SPEAK WITH AN EXPERT
Two individuals sit in front of multiple computer screens, analyzing data and discussing information related to Managed Detection and Response in a dimly lit room with a cityscape visible through the window.

Threat Alerts

Your place for the latest CyberProof cyber threat intelligence alerts and updates

Speak with an Expert
All

Critical Vulnerability in Ivanti Connect Secure and Other Products

13-Jan-2025
Label: Vulnerability
Threat Level: Medium

Ivanti has disclosed a critical security vulnerability in its Connect Secure, Policy Secure, and ZTA Gateway products that could allow threat actors to execute remote code without authentication (CVE-2025-0282). Successful exploitation of this vulnerability can provide attackers with unauthorized access to affected systems, enabling them to compromise sensitive data and potentially disrupt operations. Exploitation of CVE-2025-0282 has already been observed in a limited number of Ivanti Connect Secure appliances at the time of disclosure, underscoring the urgent need for patching.
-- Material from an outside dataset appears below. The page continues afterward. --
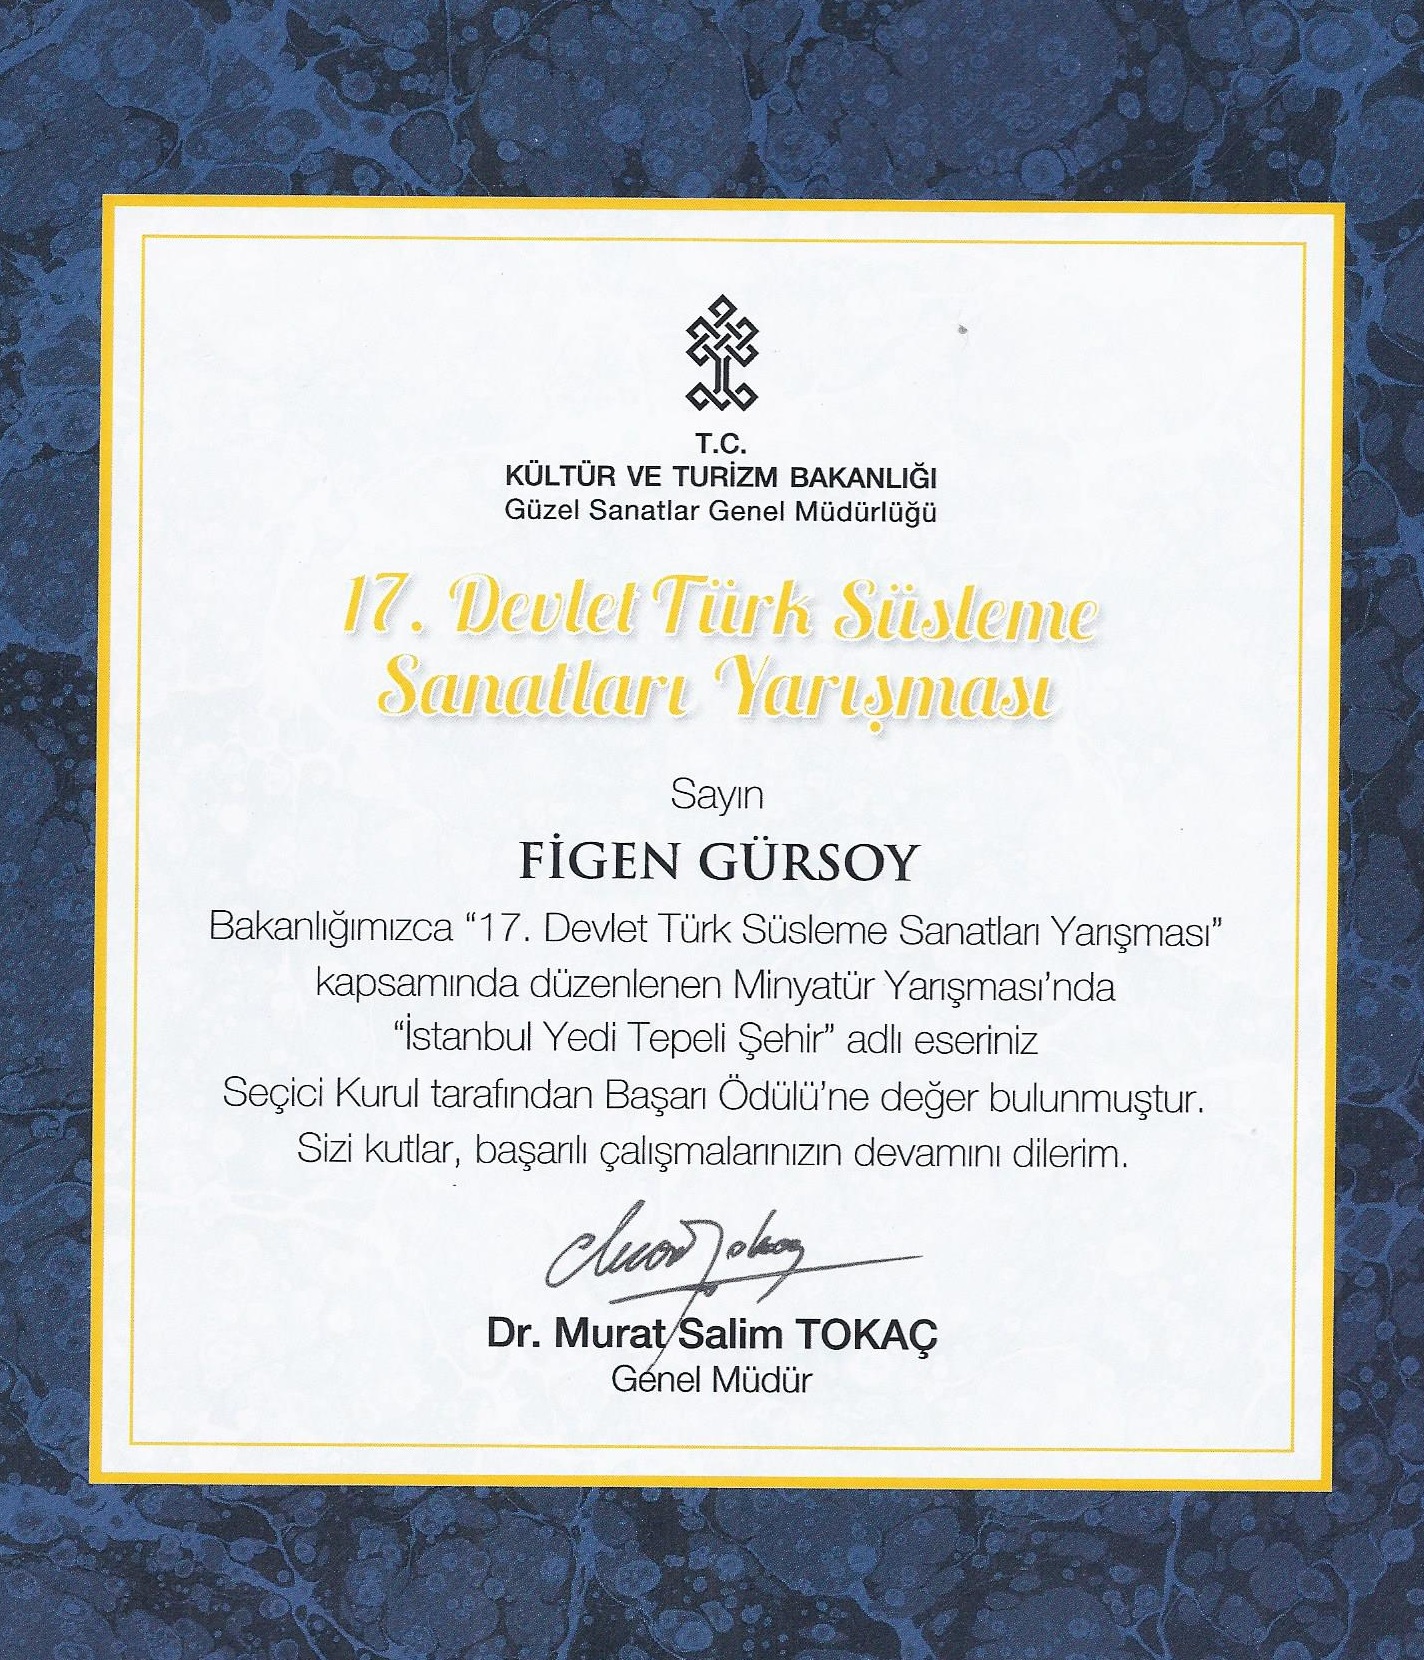 Kültür Bakanlığı Başarı Ödülü, 2013

The critical vulnerability, CVE-2025-0282 (CVSS 9.0), enables a remote, unauthenticated attacker to execute arbitrary code. The Integrity Checker Tool (ICT) can help detect potential exploitation of this flaw, and Ivanti recommends customers use the tool as part of their cybersecurity monitoring practices.

A second vulnerability, CVE-2025-0283 (CVSS 7.0), also affects the same products but carries a lower severity, This flaw allows local, authenticated attackers to escalate privileges via a stack-based buffer overflow. While there is no evidence of CVE-2025-0283 being actively exploited, applying the latest patches is critical to mitigate both vulnerabilities and secure affected systems.

Unveiling the Gayfemboy Botnet Threat

13-Jan-2025
Label: Malware
Threat Level: Medium

The Gayfemboy botnet, initially identified in early 2024 as a basic Mirai variant, has transformed into a formidable and sophisticated cyber threat. This botnet has evolved rapidly, leveraging a combination of known and unknown vulnerabilities to exploit a wide range of devices, including industrial routers, smart home systems, and consumer-grade routers. Its ability to execute large-scale attacks, including Distributed Denial of Service (DDoS) attacks.

Once infected, a device is grouped and managed via its Command and Control (C2) servers, which organize infected nodes for coordinated attacks. The botnet retains elements of its Mirai roots, such as command formats, but introduces modifications like enhanced self-updating mechanisms and obfuscation techniques to avoid detection. A hallmark of its evolution is its ability to exploit both known and unknown vulnerabilities, demonstrating a high level of adaptability and intent. It also retaliates with DDoS attacks when its operations are interfered with, underscoring its developers’ aggressive approach.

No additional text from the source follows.